Is there a “parallel prefix sum” function implemented in CUDA.jl? If not, I’d offer to write one, but am relatively new to Julia and would need some examples/documentation on how to do that.

Take a look at CUDA.scan!, which is mentioned in the docs only in passing, and is implemented here. There are a few outstanding performance TODOs, and as it stands, its performance on my RTX 2060 GPU is roughly on par with single-threaded performance on my AMD Ryzen 2 CPU. The large number of allocations throws up a red flag, but I’m not sure where they’re coming from.
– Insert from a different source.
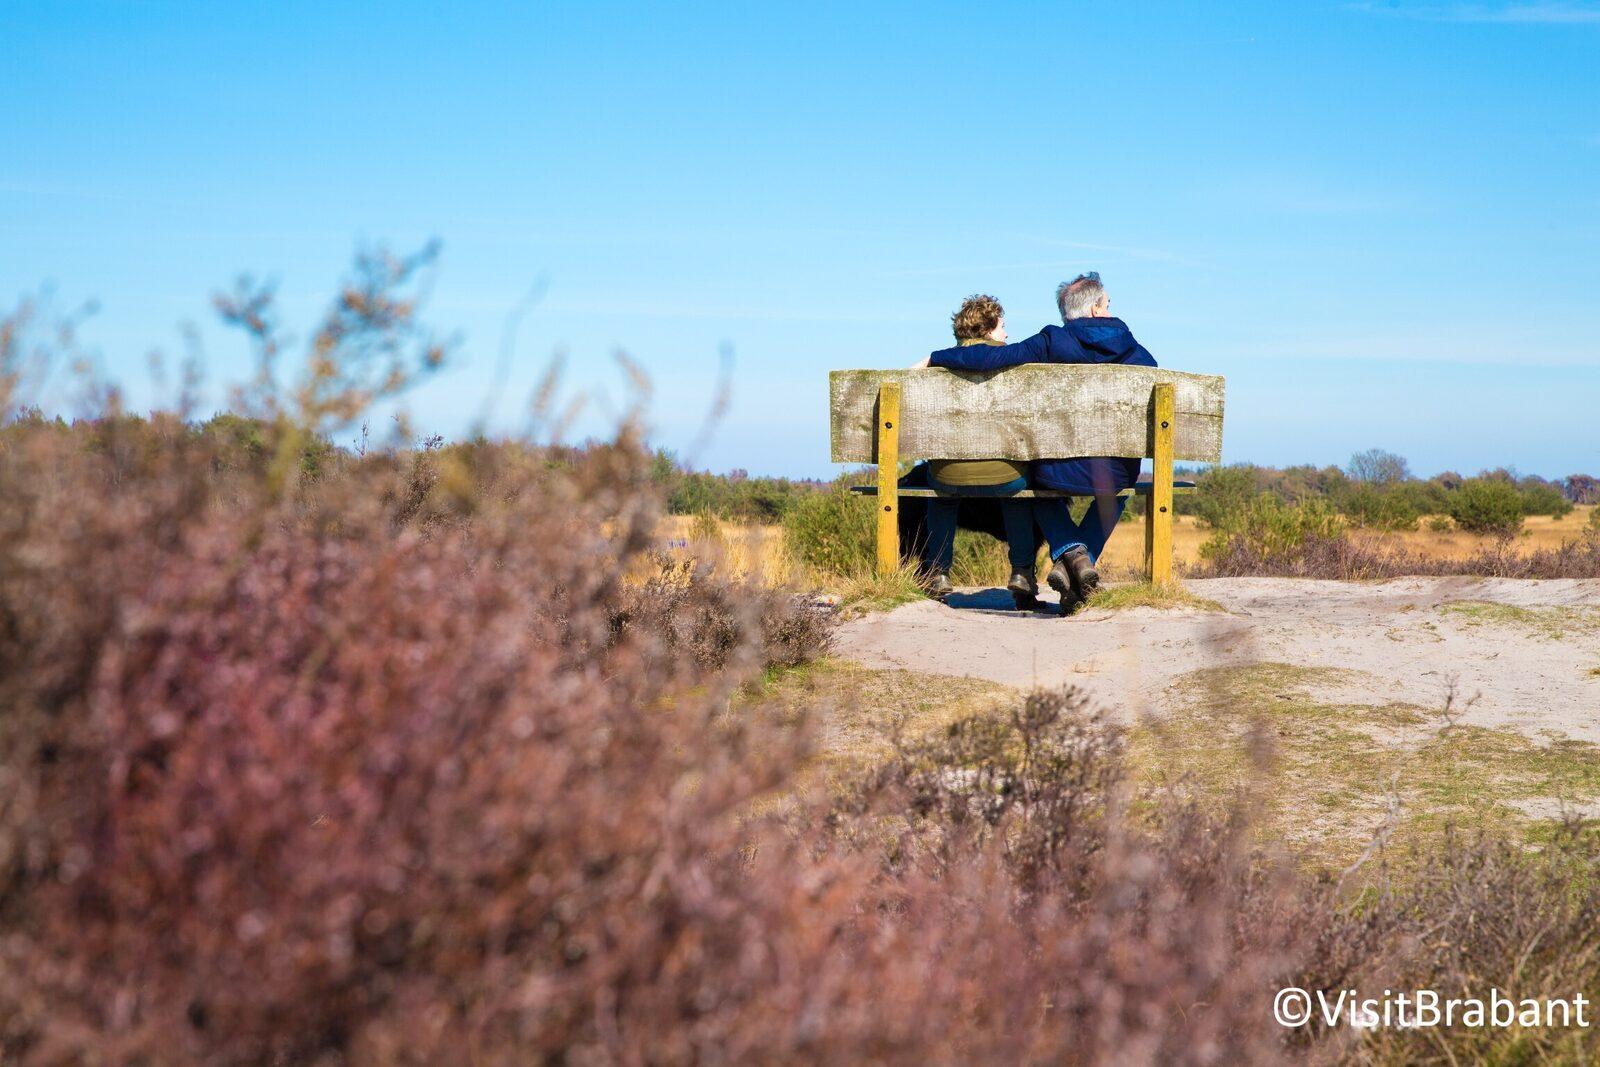 5x de leukste routes in de Brabantse natuur
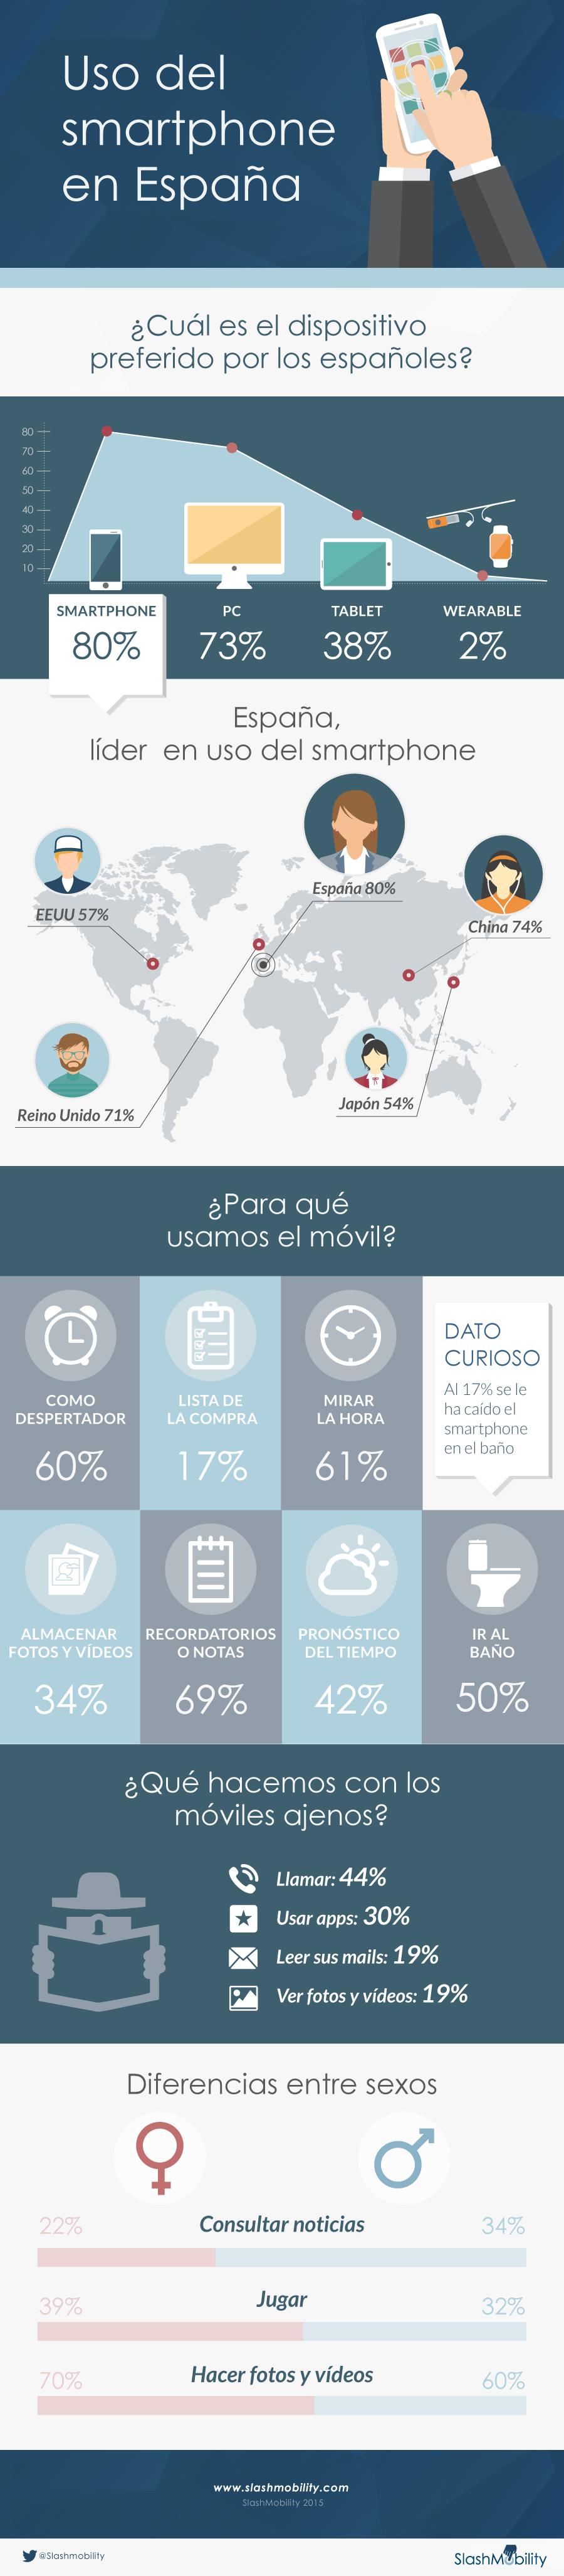 Infografía uso do Smartphone en España

julia> cA = CUDA.rand(2^20); cB = similar(cA);

julia> @btime CUDA.@sync last(CUDA.scan!(+, $cB, $cA, dims=1))
  705.100 μs (312 allocations: 8.34 KiB)
524474.7f0

julia> @btime CUDA.@sync sum($cA);
  231.000 μs (100 allocations: 2.28 KiB)

julia> @btime sum(A) setup=(A = Array(cA))
  241.500 μs (1 allocation: 16 bytes)
524474.75f0

Yeah, scan! hasn’t seen as much optimization as mapreducedim! has. That said, a 2060 isn’t that powerful, comparing a RTX 5000 with a 5950X I get 175/35/135us respectively. scan! also fares a little better when there’s more parallelism, e.g. reducing a 2^7x2^7^2^6 array takes 90us vs. 120us on the CPU. And 2^20 elements is only 4MB, ramping it up to 2^30/4GiB further shows that scan! needs some work, taking 150ms vs 135ms on the CPU (but only 15ms when using sum/mapreducedim!).